### Exercise input:
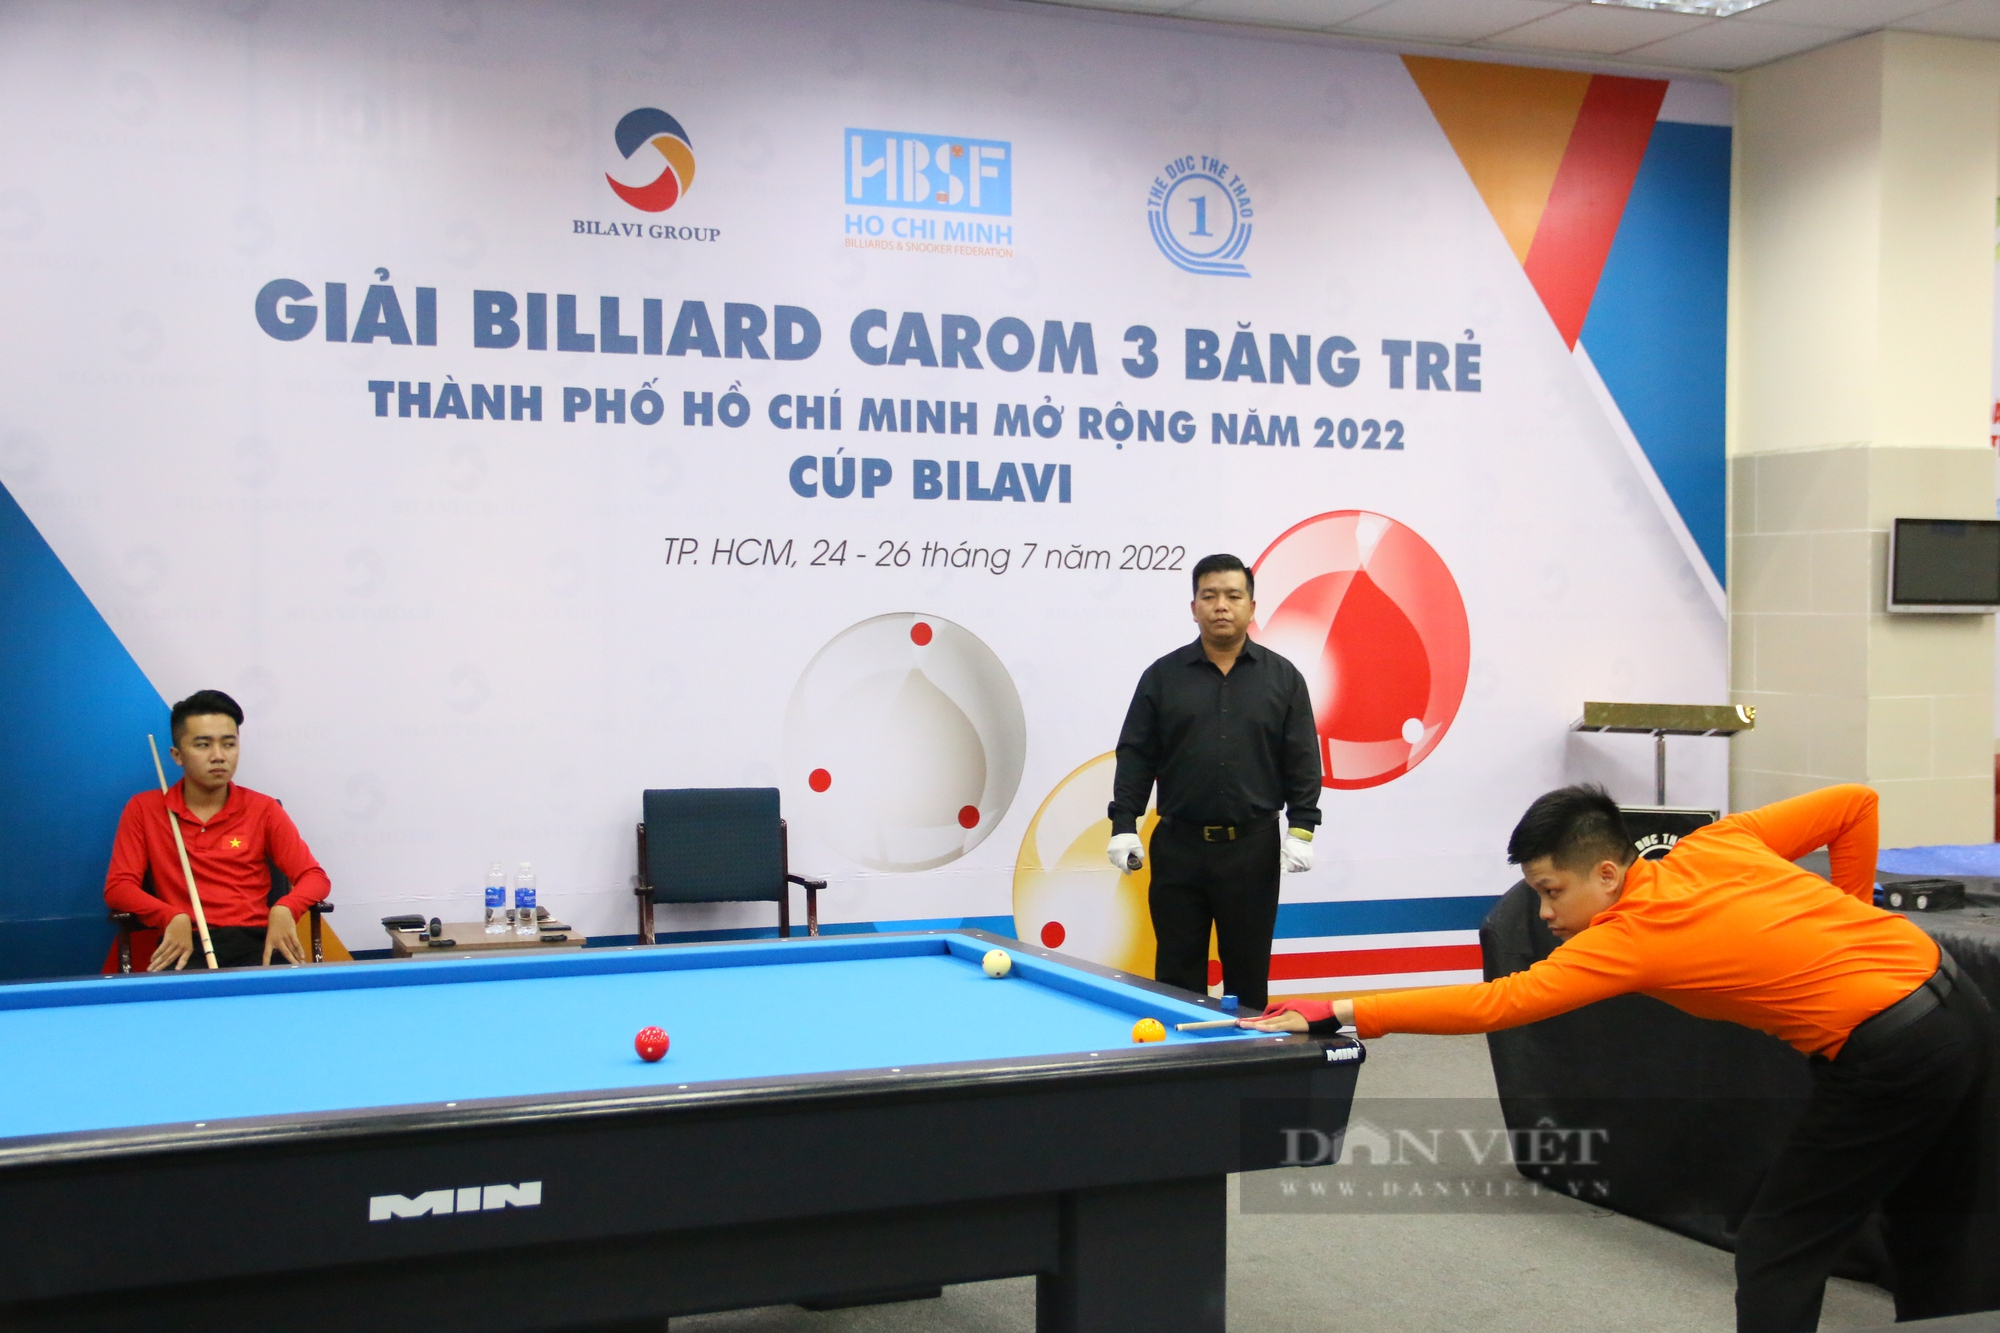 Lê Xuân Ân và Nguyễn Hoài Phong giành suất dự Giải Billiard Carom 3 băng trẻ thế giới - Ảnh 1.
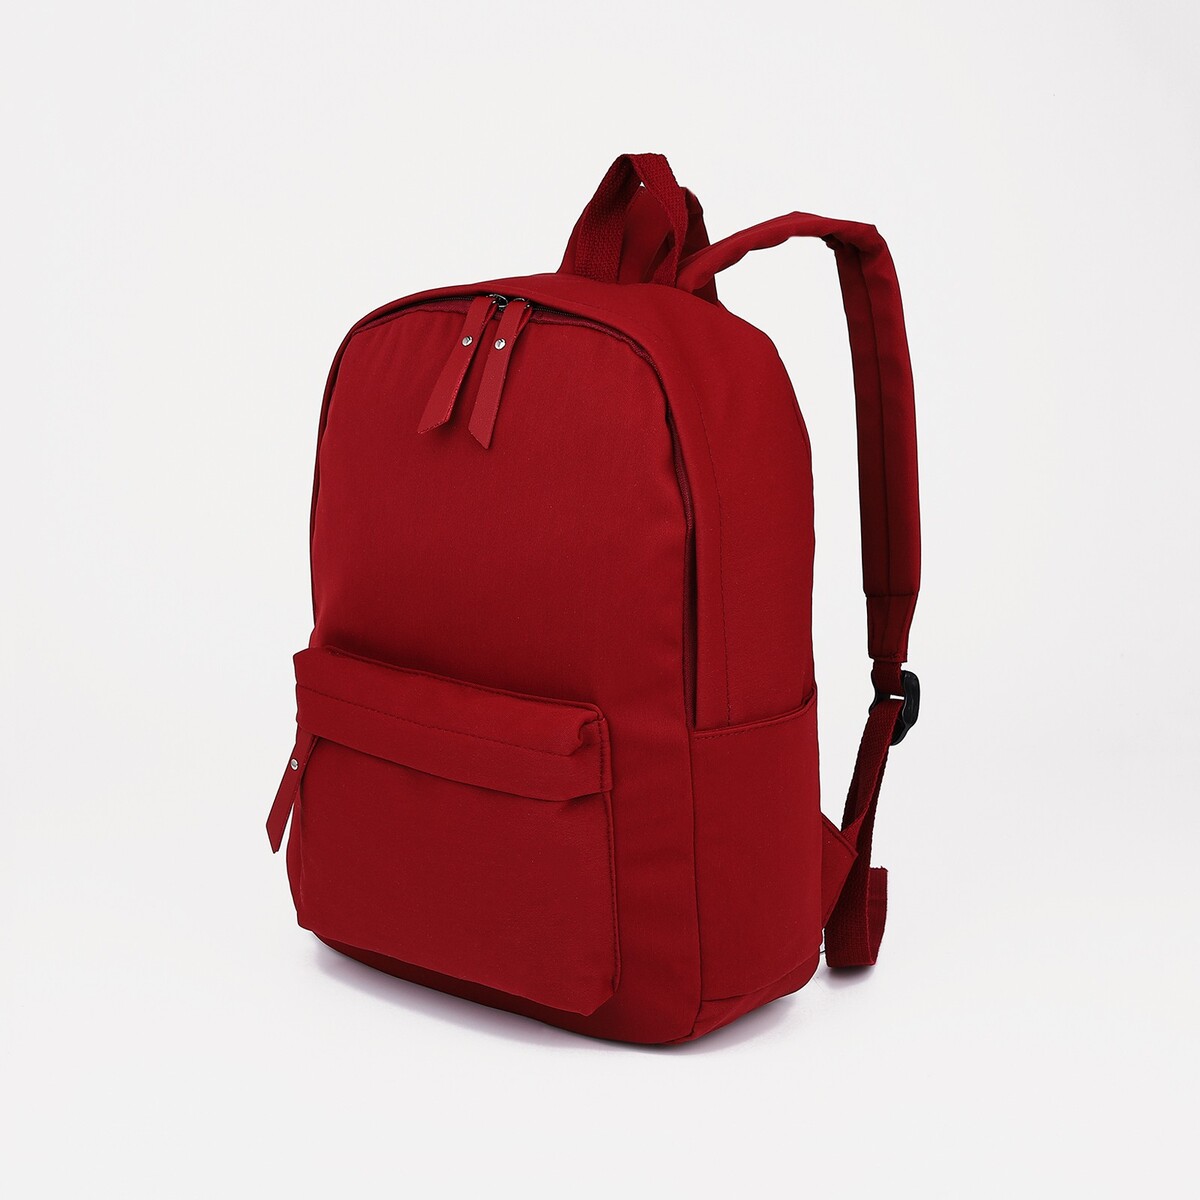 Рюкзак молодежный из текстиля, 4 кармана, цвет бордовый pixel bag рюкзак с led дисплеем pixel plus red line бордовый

==

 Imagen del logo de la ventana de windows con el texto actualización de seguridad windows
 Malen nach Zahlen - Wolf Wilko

### Work instructions:
In the listing above, find the line with "Lê Xuân Ân và" and the line with "Рюкзак молодежный из". Output both, plus every line between them, and no pictures.

### Output below:
 Lê Xuân Ân và Nguyễn Hoài Phong giành suất dự Giải Billiard Carom 3 băng trẻ thế giới - Ảnh 1.
 Рюкзак молодежный из текстиля, 4 кармана, цвет бордовый pixel bag рюкзак с led дисплеем pixel plus red line бордовый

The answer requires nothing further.